He nodded. I yanked the gag off. “Last chance,” I said. “Make it good.”

“You'd cut off a bloke's finger.”

“Yes.”

“Undo that wire, mate. Me whole finger's throbbing.”

“Talk.”

He sighed heavily. “It's a fiddle I've got. A smuggling fiddle, the birds do the smuggling. A perfect blanket, six lonely birds looking at bleeding tombs.”

“Go on.”

“I could do with a cigarette, mate.”

“You could do without one. You took the girl along. Then what happened?”

His face clouded. “Bloody thing went bad. The peelers landed on us with both feet. All six girls wound up in the moan-and-wail.”

“And you?”

“Bought me way out. Would have bought them out, but I hadn't enough of the ready.”

“Where did this happen?”

“Turkey. Ankara. We brought guns in and would have brought gold out, but the bloody—”

I never found out what the last
bloody
was intended to modify, because I cut off the flow of words by slapping the tape back in place. I said, “You're very stupid. You don't know how much I know, so it's a bad time to try lying to me. You're a dreadful liar to begin with. It's just not your bag, and from now on you'll have to avoid it. This one particular lie just cost you a finger.”
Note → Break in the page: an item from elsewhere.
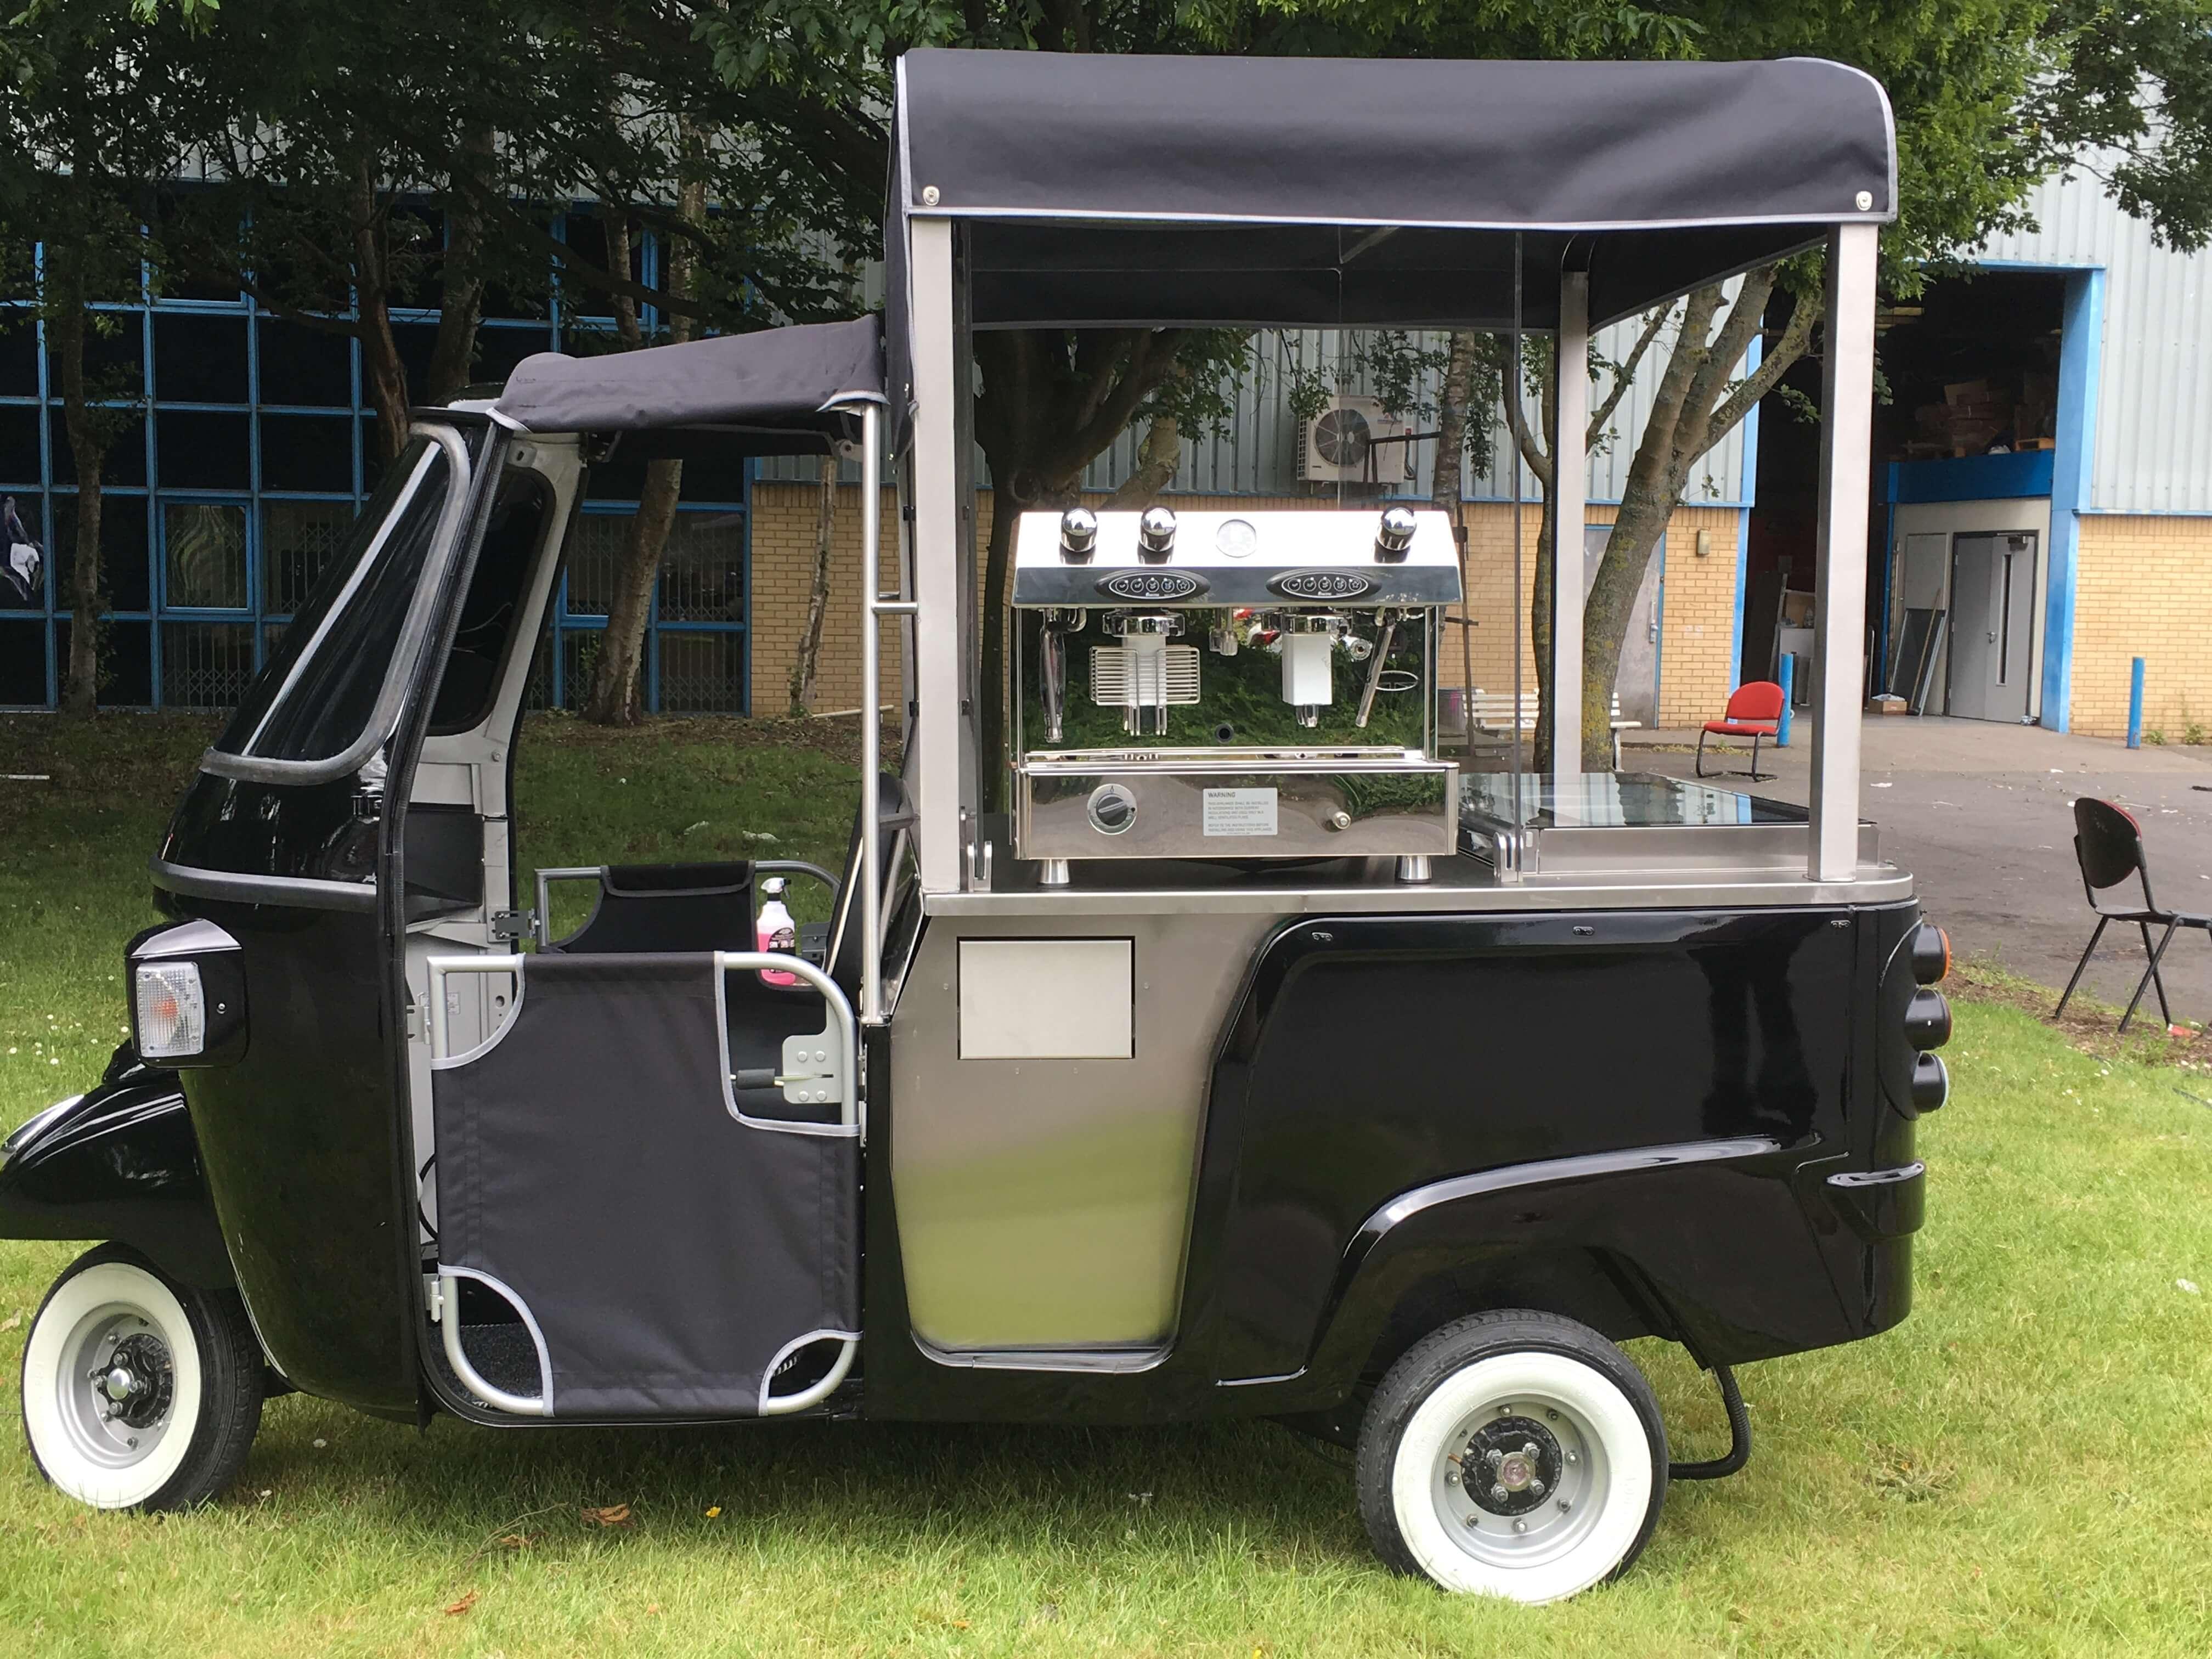 Ape Calessino Coffee Cart

He struggled. His whole body went rigid, and for a moment I thought he might be strong enough to snap the wire. He wasn't.

I cut through the finger just above the second joint, about half an inch below the wire tourniquet. There was hardly any bleeding at all.

He did not turn his eyes aside. He watched his finger until I had succeeded in separating it from his hand, his face growing steadily paler, and then he quietly passed out.

 

“Just never expected it of you. The way you talk and all, and how you handle your face, and especially you being a Yank.” His tone was soft and marveling,
as if he had just witnessed something extraordinary on the telly. “You're all at once Lee Marvin in the bloody movies. An effing butcher working on a side of beef.

“I told you.”

“Don't say you didn't, but Jesus effing Christ, you could have told me forever and I'd have gone on sending you up. You know what? Me finger hurts. Now why in hell should it do that? I mean it hurts where it was. Like the air hurts where me finger would be if you hadn't sliced it off. I wouldn't mind so much if it wasn't such an important finger. The little one on the left hand, say.” He shook his head slowly from side to side. “Did you cosh me afterwards or did I do a faint?”

“You fainted.”

“What I thought. Never did that before in me life. And you just sat there cool as ice.”

“No. I went into the other room and was sick to my stomach.”

“Did you? And if I don't talk now, or don't tell it straight, you'd do it again?”

“I'd do the thumb next.”

He sighed again. “Not half hard, are you? And then?”

“Use your imagination. An eye, an ear, I don't know.”

“Holy Bloody Mary. Imagine if the peelers bought your line. They'd never bring a lad in but he'd tell 'em anything they wanted to know. Be no staying out of jail then, would there? And imagine the poor bloody pickpockets with their hooks trimmed down like this. Be the end of crime, wouldn't it?”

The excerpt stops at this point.